I think it would be best to take code from <http://www.unicode.org/Public/PROGRAMS/CVTUTF/ConvertUTF.c>, possibly throwing away the ICU-based implementation.

Also, see the Latin-1 fallback code path in ICU branch - I think we'd like to have it on all platforms.
Comment 6 Justin Haygood 2007-11-09 13:33:45 PST
Created attachment 17161 [details]
Changes implementation of convertutf8toutf16 to use unicode.org conversion function

Alright, changes implementation to use unicode.org sources. ap was iffy on adding the files in their entirety, but I don't see a problem with it.
Comment 7 Holger Freyther 2007-11-10 17:26:52 PST
Tossing my two cents. I care a lot for the binary size. So this adds 30k of code for something already available in the toolkit so please make it optional to use the built-in codec...
Comment 8 George Staikos 2007-11-10 17:42:20 PST
Comment on attachment 17161 [details]
Changes implementation of convertutf8toutf16 to use unicode.org conversion function

Agreed, this is adding a lot of code we just don't need in Qt afaik.
Comment 9 Alexey Proskuryakov 2007-11-11 02:21:25 PST
(In reply to comment #7)
> So this adds 30k of code for something already available in the toolkit so please make it optional
> to use the built-in codec...

Hmm, where do these 30K come from? We only use a single tiny function (I assume you do have dead code stripping enabled). I don't think such a trivial operation warrants having platform-specific branches.

I was actually considering making a custom UTF-8 decoder for WebCore, too - just as with Latin-1, it's bad for performance to initialize the whole codec registry just for those.
Comment 10 Alexey Proskuryakov 2007-11-11 11:15:40 PST
Darin suggests that it would be best to have UTF-8 decoding in one place, such as wtf/unicode.
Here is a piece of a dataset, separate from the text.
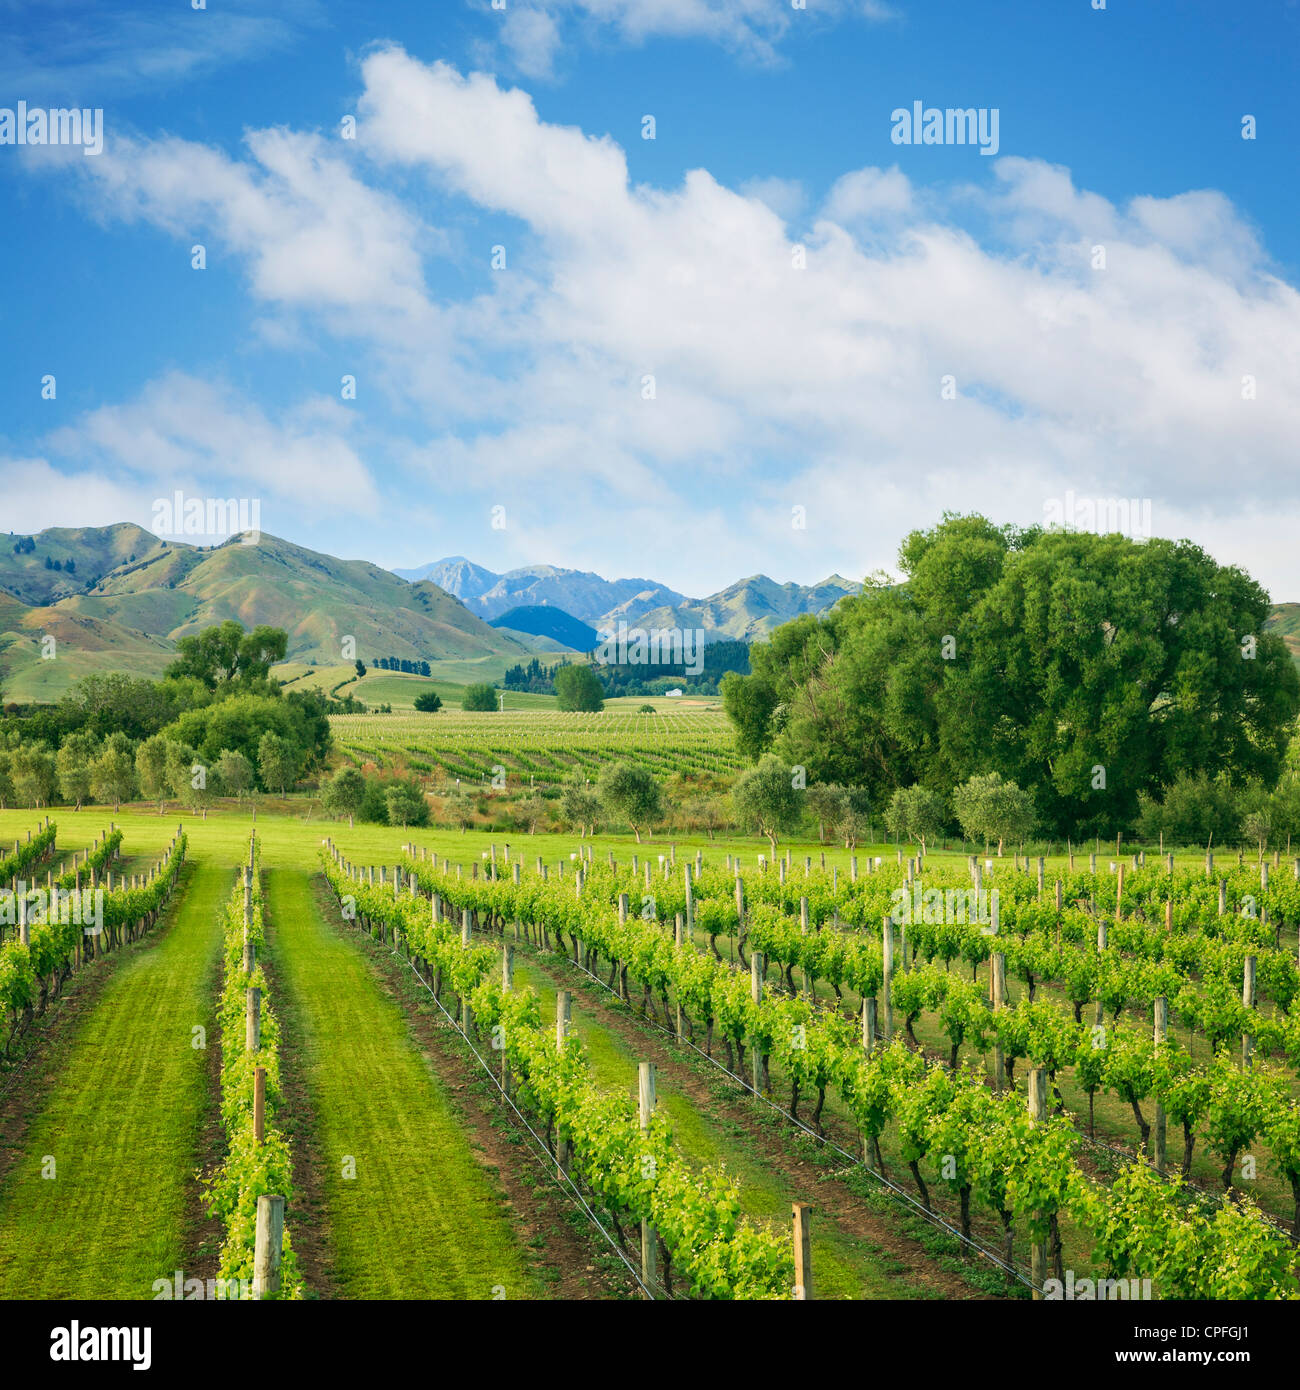 Beautiful vineyard tucked up under the mountains, in New Zealand's Marlborough wine growing region. Stock Photo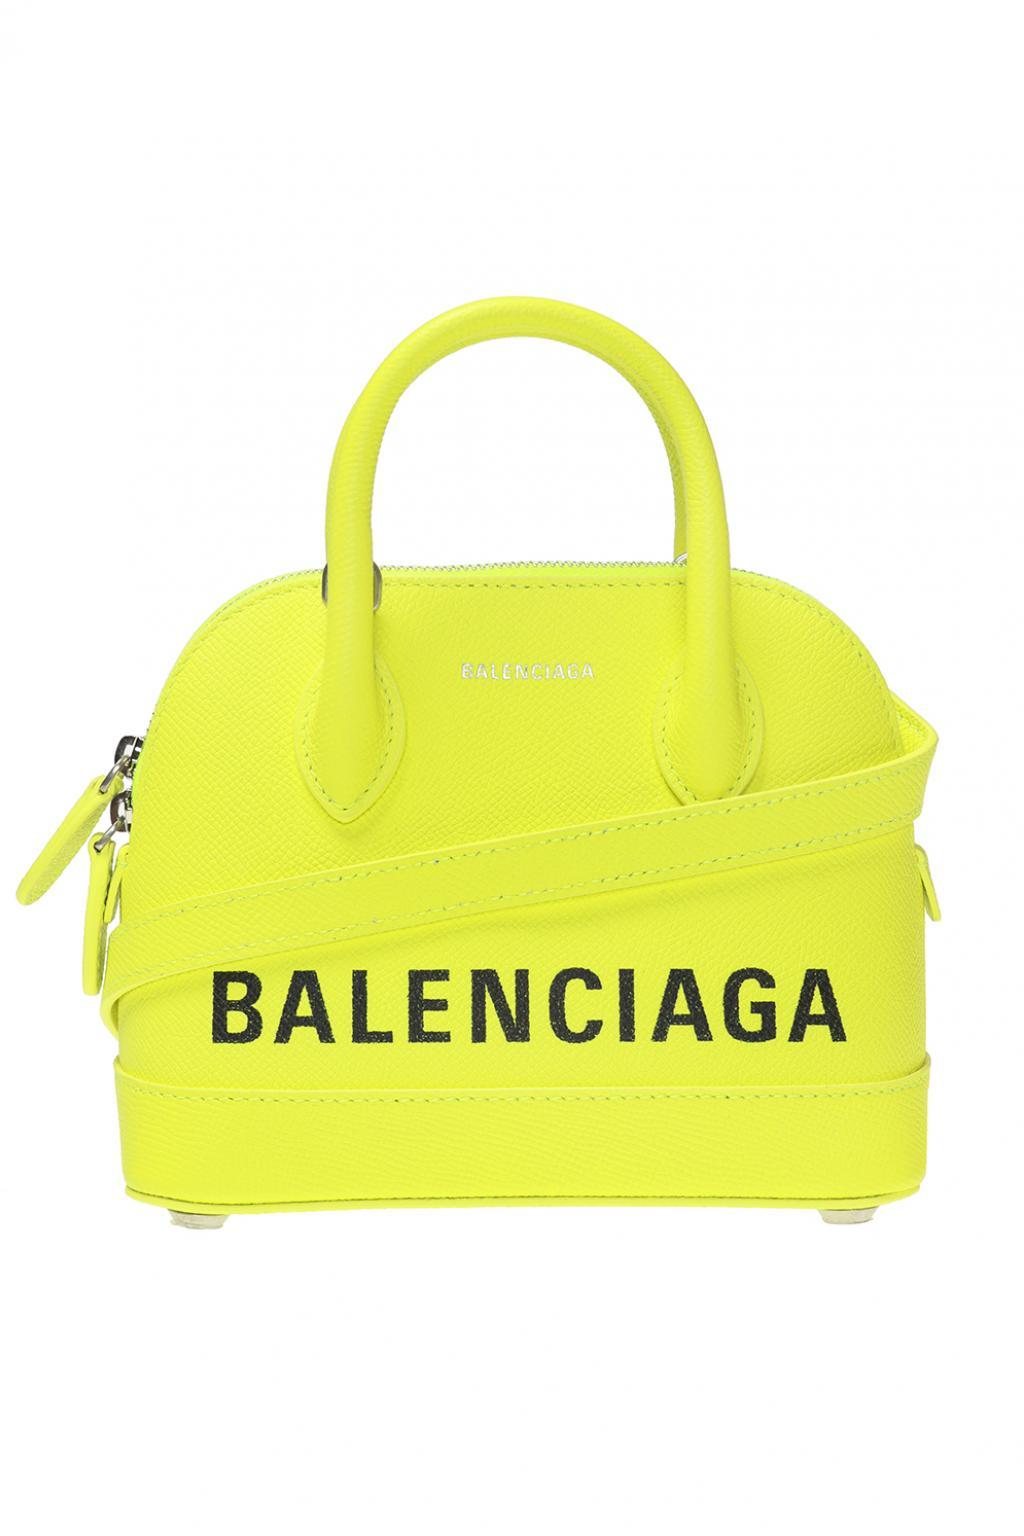 Balenciaga Leather Logo-printed Shoulder Bag in Neon (Yellow) | Lyst

UString::UTF8String() can go there, too.
Comment 11 Alexey Proskuryakov 2007-11-12 05:15:53 PST
(In reply to comment #10)
> Darin suggests that it would be best to have UTF-8 decoding in one place, such
> as wtf/unicode. UString::UTF8String() can go there, too.

Doing that in bug 15953. Keeping this bug open for port authors to consider adding platform-specific branches.
Comment 12 Simon Hausmann 2010-03-23 02:17:40 PDT
Closing this bug since r30794 consolidates this into WebCore::String::fromUTF8, which uses the TextEncoding/TextEncoder infrastructure.